But this never produces a short chunk, and so if the content doesn’t divide up evenly then the last few elements will not be extracted from the intermediate state and will be lost.

We need to combine these two producers somehow: the streaming process should behave cautiously while there is still remaining input, which might influence the next output; but it should then switch to a more aggressive strategy once the input is finished, in order to flush out the contents of the intermediate state.

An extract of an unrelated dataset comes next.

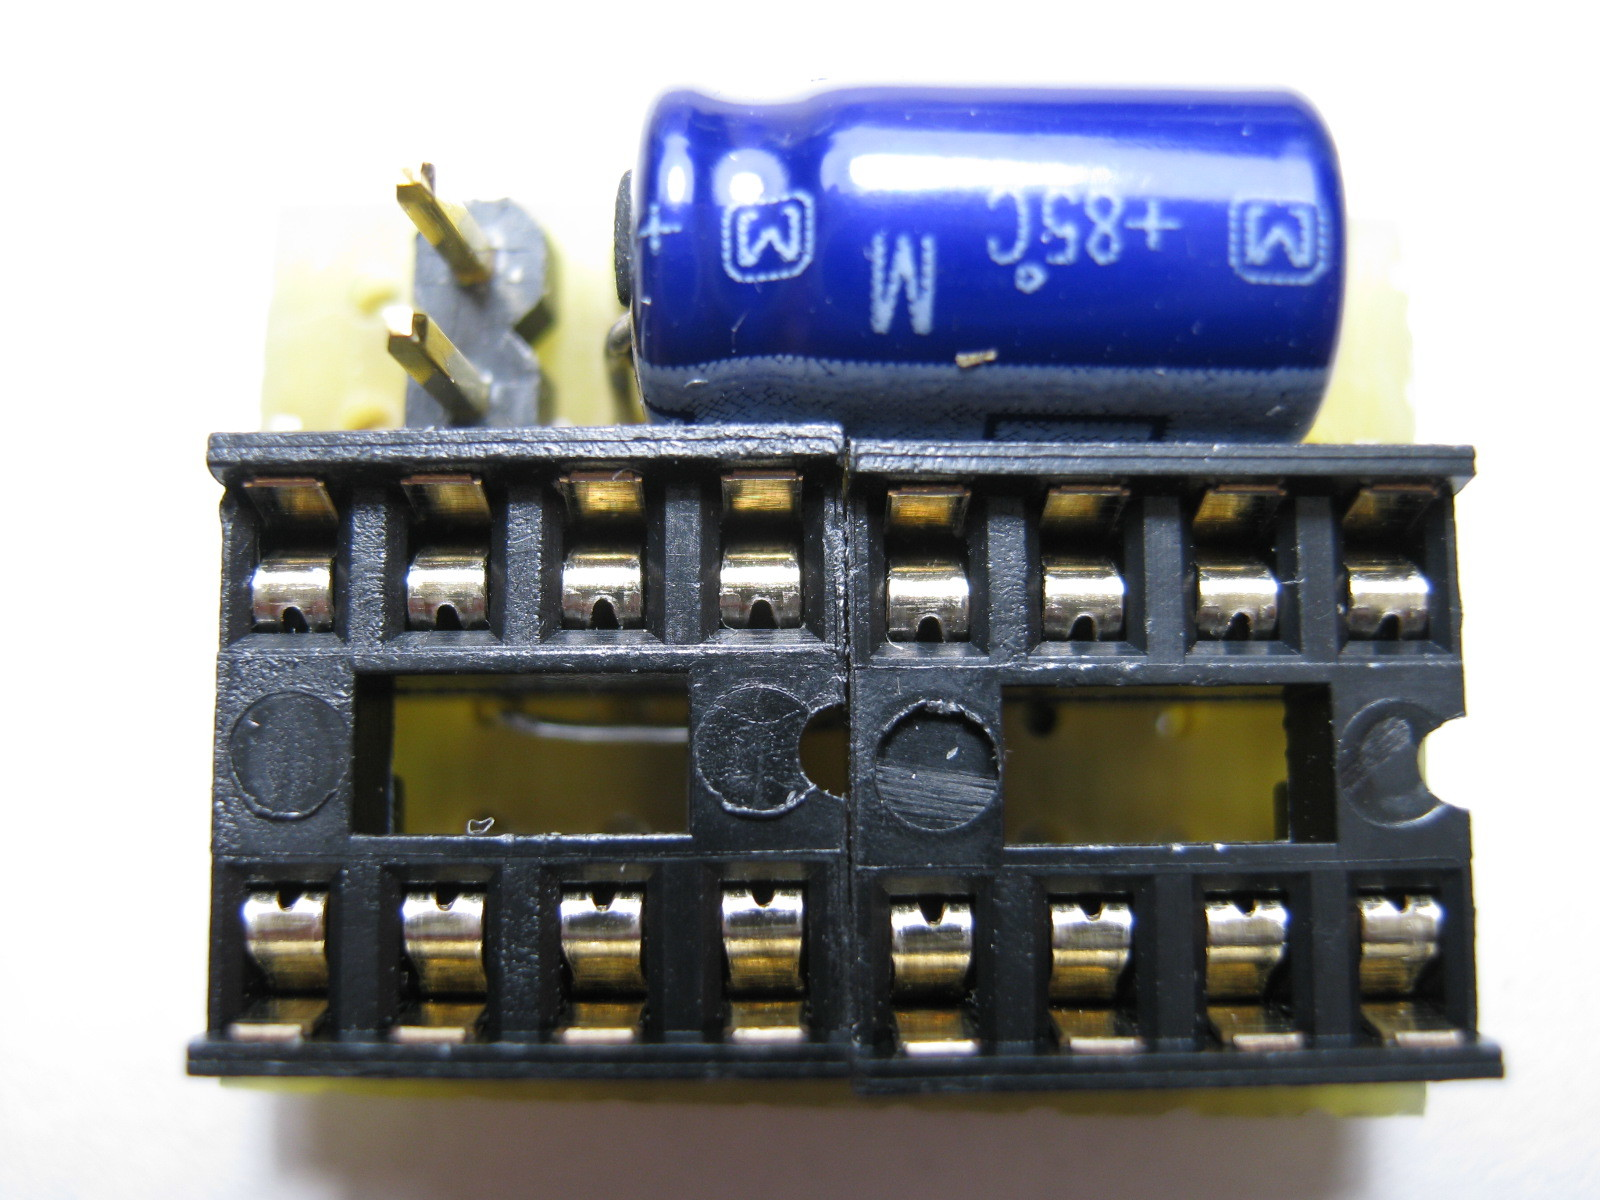 ミミクリーペット4(ボイスレコーダー・チェンジャー換装)基板1表

To achieve this, we define a more general flushing stream operator:

$\displaystyle \begin{array}{@{}lcl@{}} \multicolumn{3}{@{}l@{}}{\mathit{fstream} :: (\beta \rightarrow \mathsf{Maybe}\;(\gamma,\beta)) \rightarrow (\beta \rightarrow [\gamma]) \rightarrow (\beta \rightarrow \alpha \rightarrow \beta) \rightarrow \beta \rightarrow [\alpha] \rightarrow [\gamma]} \\ \mathit{fstream}\;g\;h\;f\;b\;x &=& \mathbf{case}\;g\;b\;\mathbf{of} \\ & & \quad \begin{array}[t]{@{}lcl@{}} \mathit{Just}\;(c,b') &\rightarrow& c : \mathit{fstream}\;g\;h\;f\;b'\;x \\ \mathit{Nothing} &\rightarrow& \mathbf{case}\;x\;\mathbf{of} \\ & & \quad \begin{array}[t]{@{}lcl@{}} a:x' &\rightarrow& \mathit{fstream}\;g\;h\;f\;(f\;b\;a)\;x' \\ {[\,]} &\rightarrow& h\;b \end{array} \end{array} \end{array}$

This takes an additional argument ${h :: \beta \rightarrow [\gamma]}$; when the cautious producer ${g}$ is unproductive, and there is no remaining input to consume, it uses ${h}$ to flush out the remaining output elements from the state. Clearly, specializing to ${h\;b=[\,]}$ retrieves the original ${\mathit{stream}}$ operator.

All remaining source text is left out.